This page was generated by nbsphinx from docs/examples/Caches.ipynb.
Interactive online version: Binder badge Google Colab badge

Speasy caches levels analysis

Only for Google Colab users:

[ ]:
%pip install --upgrade ipympl speasy
[ ]:
try:
    from google.colab import output
    output.enable_custom_widget_manager()
except:
    print("Not running inside Google Collab")

For all users:

[ ]:
import speasy as spz
%matplotlib widget
amda_tree = spz.inventories.tree.amda
# Use this instead if you are not using jupyterlab yet
#%matplotlib notebook
import matplotlib.pyplot as plt
from datetime import datetime

[1]:
import speasy as spz

amda_tree = spz.inventories.tree.amda
%matplotlib widget
# Use this instead if you are not using jupyterlab yet
#%matplotlib notebook
import matplotlib.pyplot as plt
from datetime import datetime, timedelta
import time
import numpy as np

First ensure that speasy is setup to use SciQLop cache

[2]:
spz.config.proxy.url.set('http://sciqlop.lpp.polytechnique.fr/cache-dev')
spz.config.proxy.enabled.set(True)
[3]:
start_time = datetime(2016, 6, 2)
stop_time = datetime(2016, 6, 8)
reference_data = spz.get_data(amda_tree.Parameters.ACE.MFI.ace_imf_all.imf, start_time, stop_time, progress=False)
print(f"Data shape: {reference_data.values.shape}")
print(f"Data size in Bytes: {reference_data.nbytes}")
Data shape: (32400, 3)
Data size in Bytes: 1039238
[4]:
def times(f, *args, n=10, **kwargs):
    def time_once():
        start = time.perf_counter_ns()
        f(*args, **kwargs, progress=False)
        stop = time.perf_counter_ns()
        return (stop - start) / 1e6

    return [time_once() for _ in range(n)]
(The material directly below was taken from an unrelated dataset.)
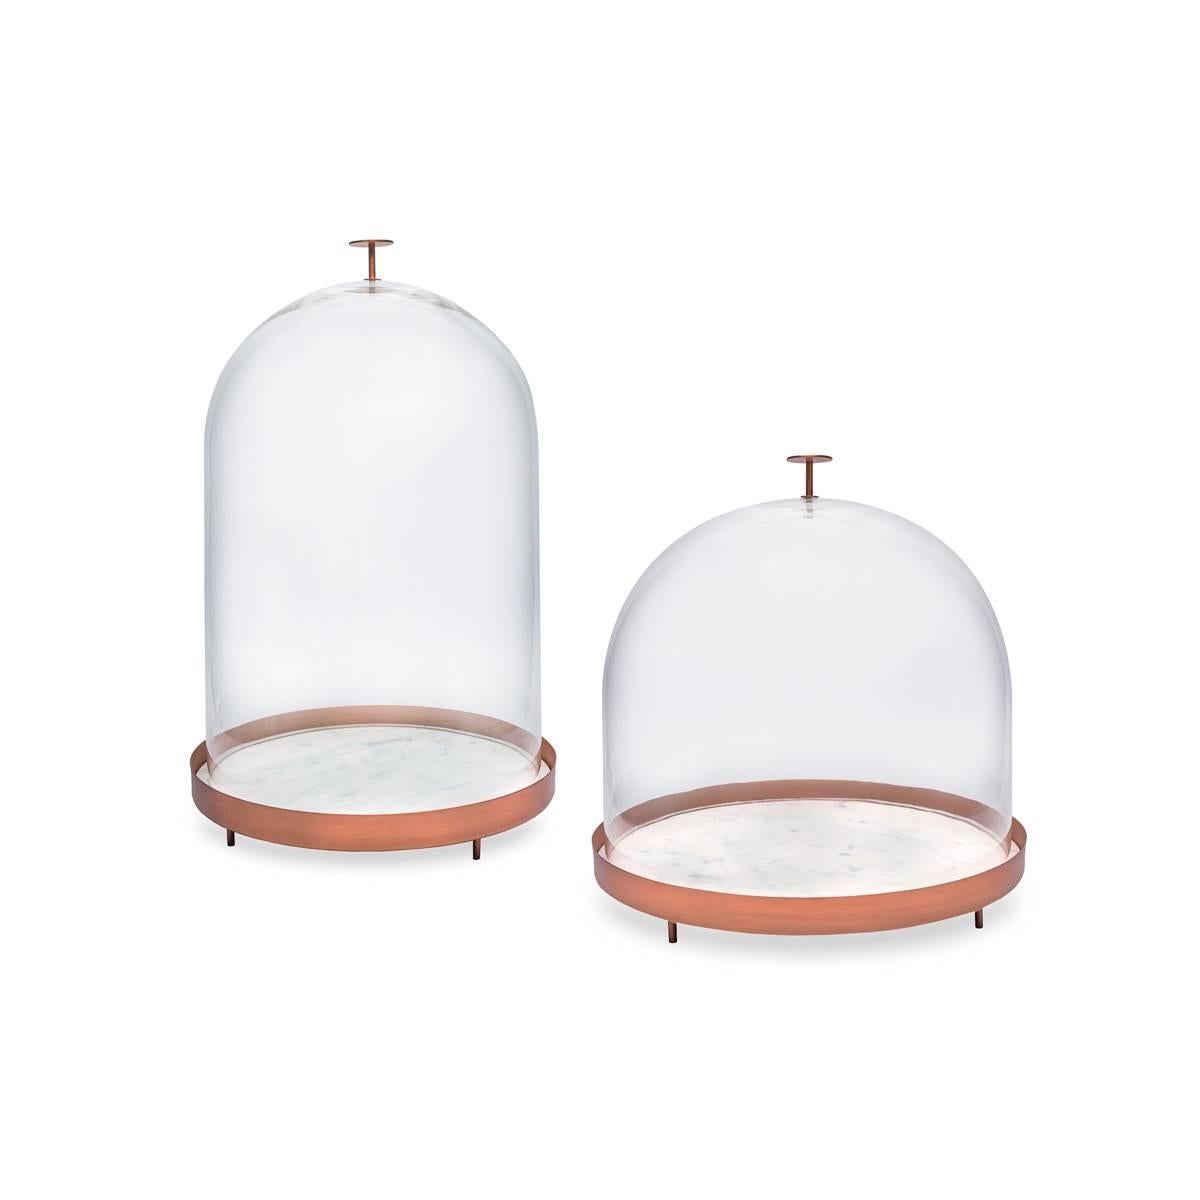 New Moon is a blown glass bell with a tray in Carrara marble and copper. This object is part of the Lunar Landscape collection designed by Elisa Ossino, who created a collection of tableware for Paola C., revisiting the classic themes of mise en

def best_99_percent(times):
    return sorted(times)[:int(len(times)*.99)]

def best_90_percent(times):
    return sorted(times)[:int(len(times)*.9)]

Cache level comparison

Then request data several times with all 3 configurations:

  • without any cache, each time speasy will download data from AMDA

  • with remote cache only, each time speasy download data from our remote cahe hosted here

  • with local cahe, each time after the first request speasy will load data from your disk

[5]:
durations_without_any_cache = times(spz.get_data, amda_tree.Parameters.ACE.MFI.ace_imf_all.imf, start_time, stop_time,
                                    disable_cache=True, disable_proxy=True, n=10);
durations_with_remote_cache = times(spz.get_data, amda_tree.Parameters.ACE.MFI.ace_imf_all.imf, start_time, stop_time,
                                    disable_cache=True, n=1000);
durations_with_local_cache = times(spz.get_data, amda_tree.Parameters.ACE.MFI.ace_imf_all.imf, start_time, stop_time,
                                   n=10000);
[6]:
fig, axs = plt.subplots(3, 1, figsize=(6, 10))
for i, data, title in ((0, best_99_percent(durations_without_any_cache), 'Without any cache'),
                       (1, best_99_percent(durations_with_remote_cache), 'With only SciQLop remote cache'),
                       (2, best_99_percent(durations_with_local_cache), 'With local on disk cache')):
    axs[i].hist(data)
    axs[i].set_xlabel('Execution time (ms)')
    axs[i].set_title(title)

fig.suptitle('Execution time distributions for each conf', fontsize=16)
plt.tight_layout()
plt.show()
[7]:
fig, ax = plt.subplots()
ax.violinplot([best_99_percent(durations_without_any_cache), best_99_percent(durations_with_remote_cache), best_99_percent(durations_with_local_cache), ], showmeans=False,
              showmedians=True)
ax.set_xticks([1, 2, 3], labels=['without', 'remote', 'local'])
ax.set_ylabel('Execution time (ms)')
plt.semilogy()
fig.suptitle('Comparison plot', fontsize=16)
plt.tight_layout()
plt.show()

Scaling

On disk cache scaling

[8]:
start_time = datetime(2016, 6, 2)


def scaling_point(delta):
    stop_time = start_time + timedelta(hours=delta)
    data = spz.get_data(amda_tree.Parameters.ACE.MFI.ace_imf_all.imf, start_time, stop_time)
    capacity = data.nbytes
    t = best_90_percent(times(spz.get_data, amda_tree.Parameters.ACE.MFI.ace_imf_all.imf, start_time, stop_time, n=200))
    return capacity, t


deltas = np.logspace(np.log10(100), np.log10(5000), num=10)
values = [scaling_point(delta) for delta in deltas]


fig, ax = plt.subplots()
stats = [t for c, t in values]
capacities = np.array([c for c, t in values])
ax.violinplot(stats, positions=capacities, widths=np.gradient(capacities), showmeans=False, showmedians=True)
ax.set_ylabel('Execution time (ms)')
ax.set_xlabel('Loaded data size (Bytes)')
fig.suptitle('On disk cache scaling', fontsize=16)
plt.tight_layout()
plt.loglog()
plt.show()

SciQLop remote cache scaling

[9]:
start_time = datetime(2016, 6, 2)


def scaling_point(delta):
    stop_time = start_time + timedelta(hours=delta)
    data = spz.get_data(amda_tree.Parameters.ACE.MFI.ace_imf_all.imf, start_time, stop_time, disable_cache=True)
    capacity = data.nbytes
    t = best_90_percent(times(spz.get_data, amda_tree.Parameters.ACE.MFI.ace_imf_all.imf, start_time, stop_time, disable_cache=True,
              n=20))
    return capacity, t


deltas = np.logspace(np.log10(100), np.log10(5000), num=10)
values = [scaling_point(delta) for delta in deltas]

fig, ax = plt.subplots()
stats = [t for c, t in values]
capacities = np.array([c for c, t in values])
ax.violinplot(stats, positions=capacities, widths=np.gradient(capacities), showmeans=False, showmedians=True)
ax.set_ylabel('Execution time (ms)')
ax.set_xlabel('Loaded data size (Bytes)')
fig.suptitle('SciQLop remote cache scaling', fontsize=16)
plt.tight_layout()
plt.loglog()
plt.show()